By Anupum Pant
If you go to the Wikipedia’s page for a seemingly banal topic “Frequencies,” at the bottom of the page you’ll find a section that says “Line current.” You may want to read through it, but you won’t have to because I’ll tell you what it says, in short…
This section is particularly interesting because it mentions that when sounds are recorded, a very faint hum that you can’t hear unless you magnify the sound, gets recorded with it. This hum comes from the electricity which powers anything, say a plug socket, which was close to the microphone when the sound was getting recorded.
In the American electricity grids, a 50 Hz AC current produces a different hum in the recording than in 60 Hz European grids. So, sounds recorded in America, and sounds recorded in Europe, or other places which use the 60 Hz frequencies, can be distinguished fairly easily by forensic experts. This gives a great power to forensic experts. And a headache to sound engineers who never want a hum being embedded in their audio.

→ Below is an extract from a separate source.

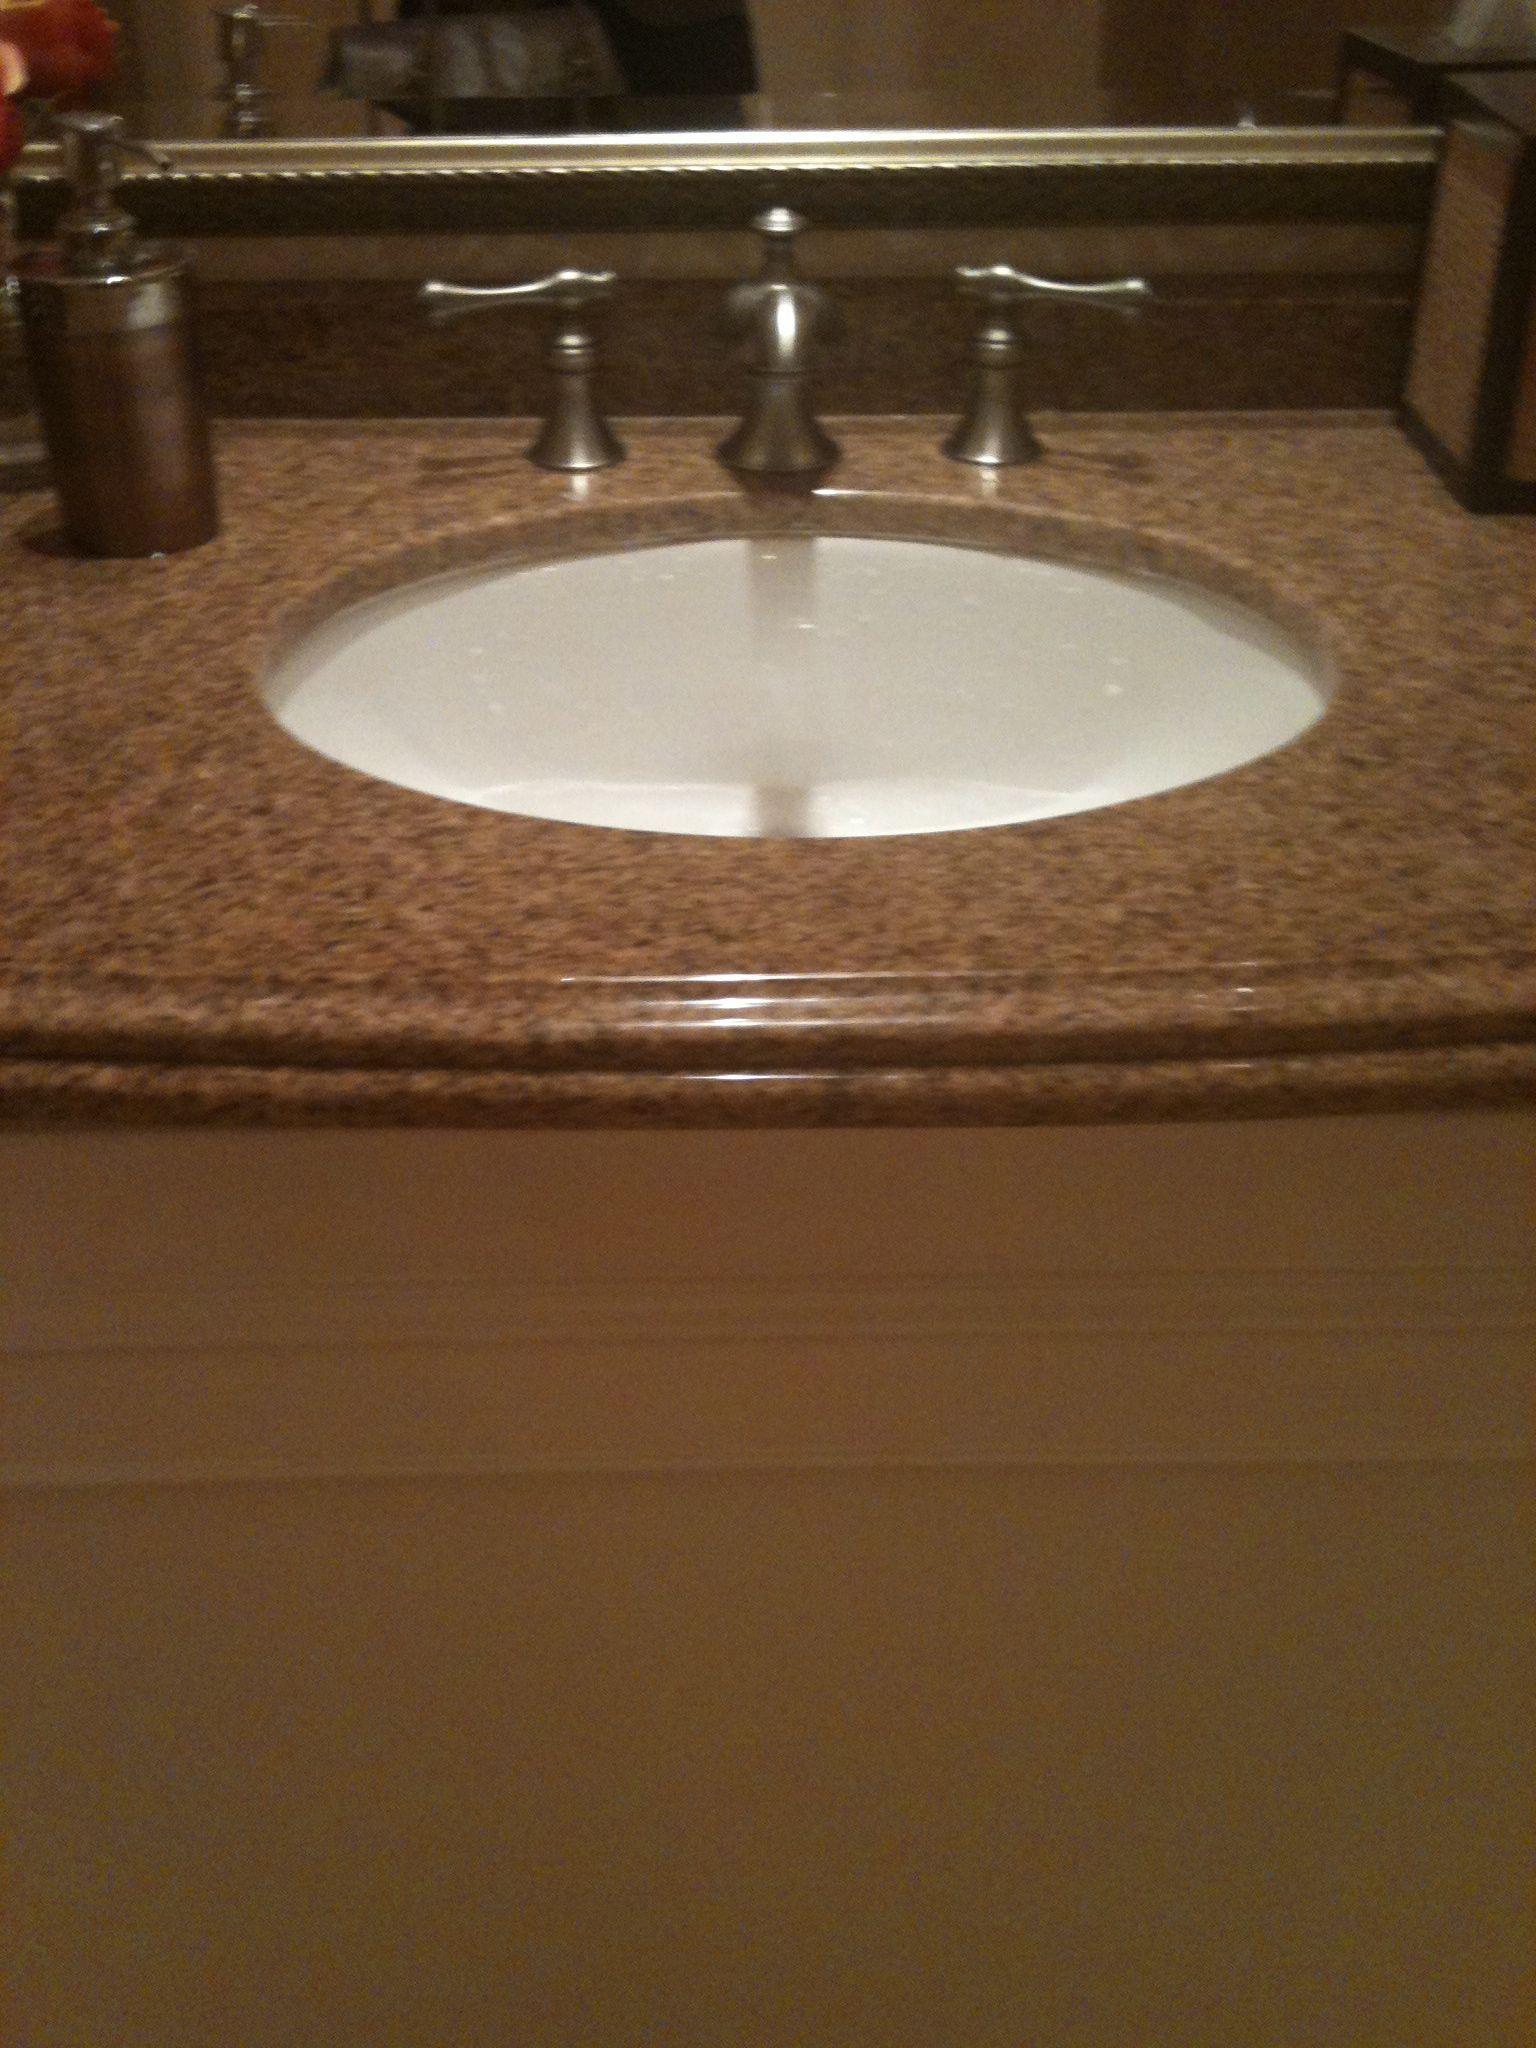 White Undermount Sink : white undermount sink bathroom inspiration Pinterest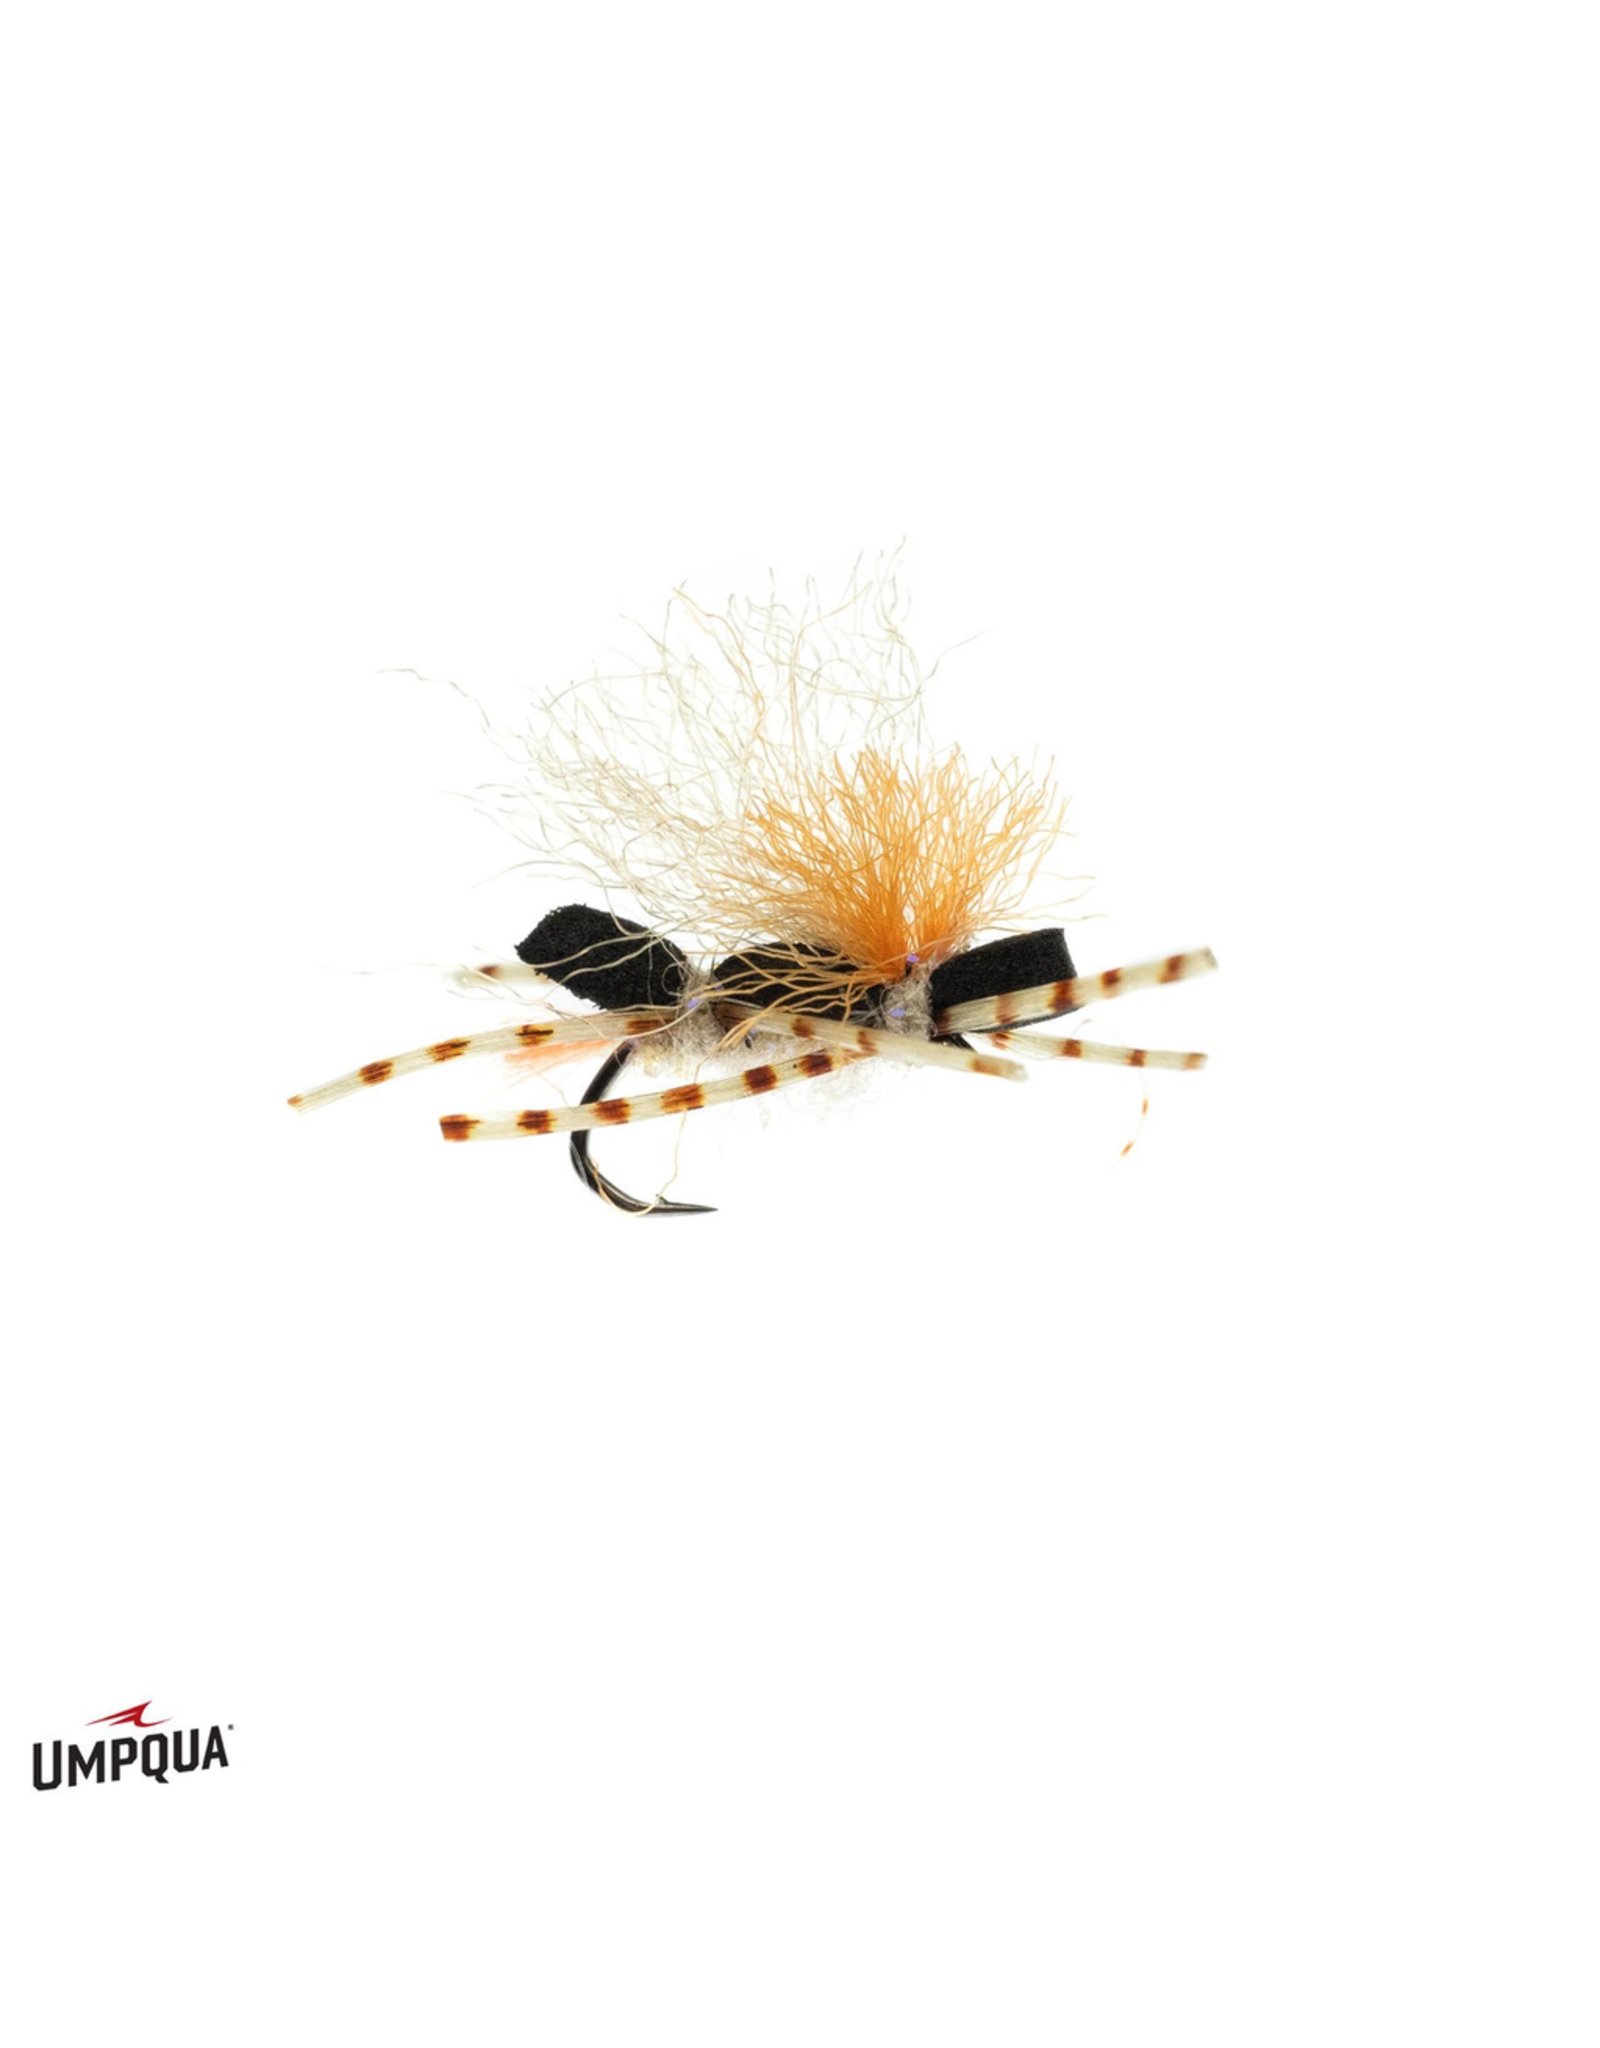 Umpqua Stubby Chubby (3 Pack)

Now, what the WIkipedia page doesn’t tell you is that this hum carries a greater amount of information than just telling the recordings from continents apart. In fact, there’s apparently enough information to almost know the date on which this recording was done.
There exist laboratories around the world, to assist forensic experts with this task of determining the recording date, which have continuously been recording just the hum of electricity for several years now. They study the tiny fluctuations (in the order of thousandth of a hertz) in these frequency and keep an archive of dates and tags. It has been found that patterns in these hum fluctuations have been varying continuously and in a very systematic fashion over the years.
The recordings sent to the forensic experts can use processing to isolate the hum and match it with the hum of a date from the archives. And then a date on which, or at least a rough date, on which the recording was done.